Albert Krantz (c. 1450 – December 7, 1517), German historian, was a native of Hamburg. He studied law, theology and history at Rostock and Cologne, and after travelling through western and southern Europe was appointed professor, first of philosophy and subsequently of theology, in the University of Rostock, of which he was rector in 1482.

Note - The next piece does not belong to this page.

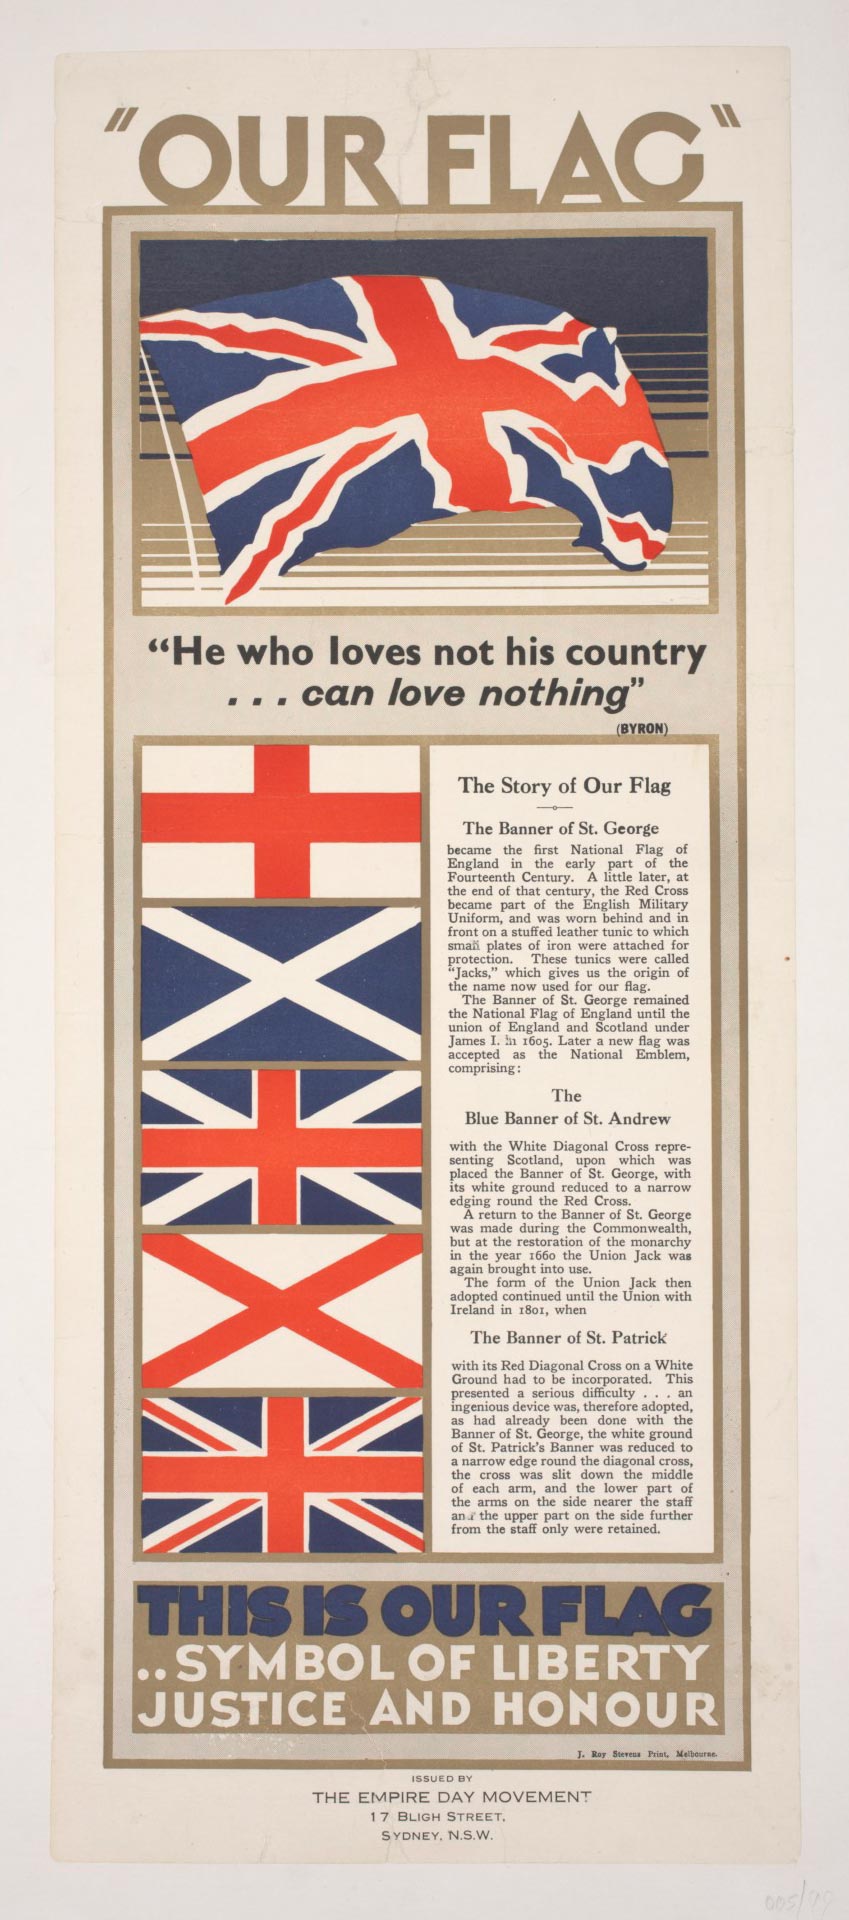 Lithograph poster featuring the Union Jack and its flags of origin, including the crosses of St George, St Andrews and St Patrick.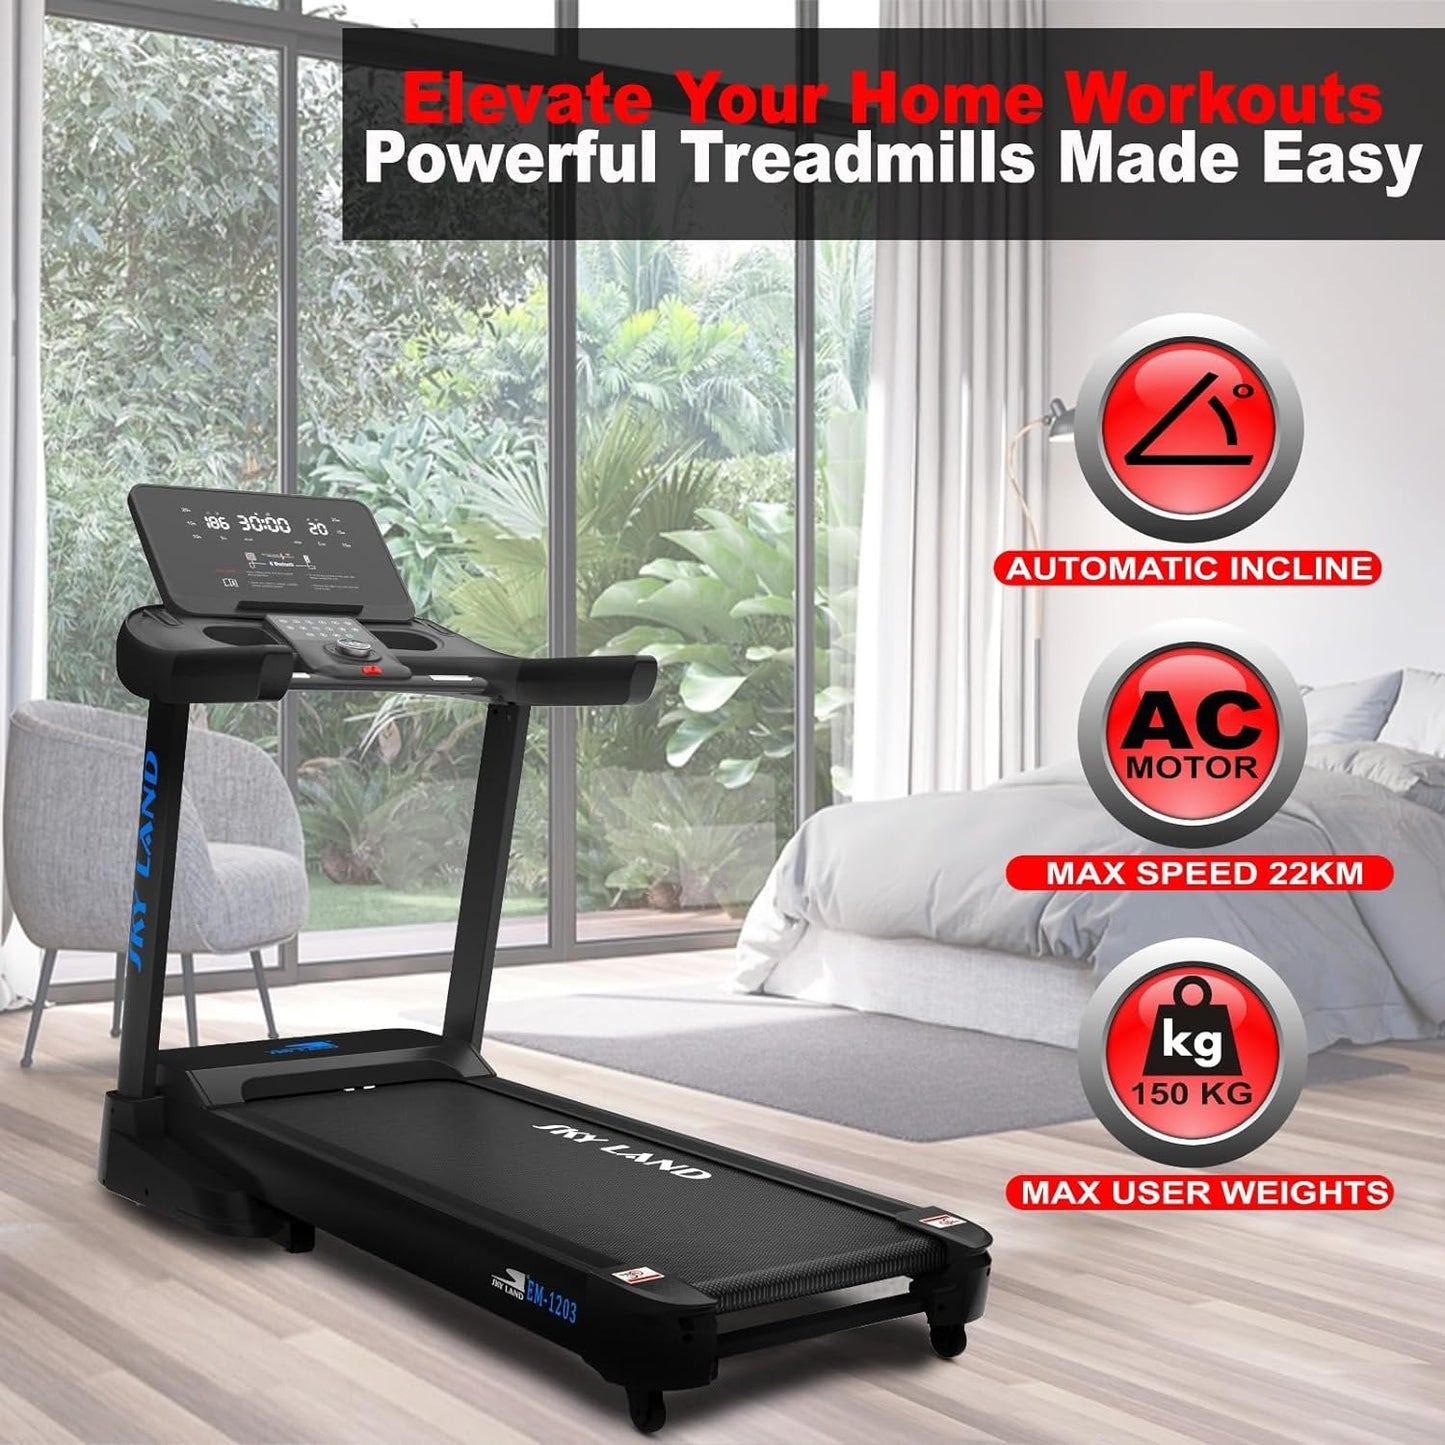 SKY LAND Fitness Treadmill - AC Motor Treadmill 7 HP Peak, Bluetooth, Auto Incline (20%), Max 150 kg - Premium Quality Treadmill for Home and Semi-Commercial Use | Treadmill With Multi App Support - COOLBABY

In 1493 he returned to Hamburg as theological lecturer, canon and prebendary in St. Mary's Cathedral. By the Senate of Hamburg he was employed on more than one diplomatic mission abroad, and in 1500 he was chosen by the king of Denmark and the duke of Holstein as arbiter in their dispute regarding the province of Dithmarschen. As dean of the cathedral chapter, to which office he was appointed in 1508, Krantz applied himself with zeal to the reform of ecclesiastical abuses, but, though opposed to various corruptions connected with church discipline, he had little sympathy with the drastic measures of Wycliffe or Huss. With Martin Luther's protest against the abuse of Indulgences he was in general sympathy, but with the reformer's later attitude he could not agree. When, on his death-bed, he heard of the Ninety-five Theses, he is said, on good authority, to have exclaimed: "Brother, Brother, go into thy cell and say, God have mercy upon me!" Krantz died on December 7, 1517.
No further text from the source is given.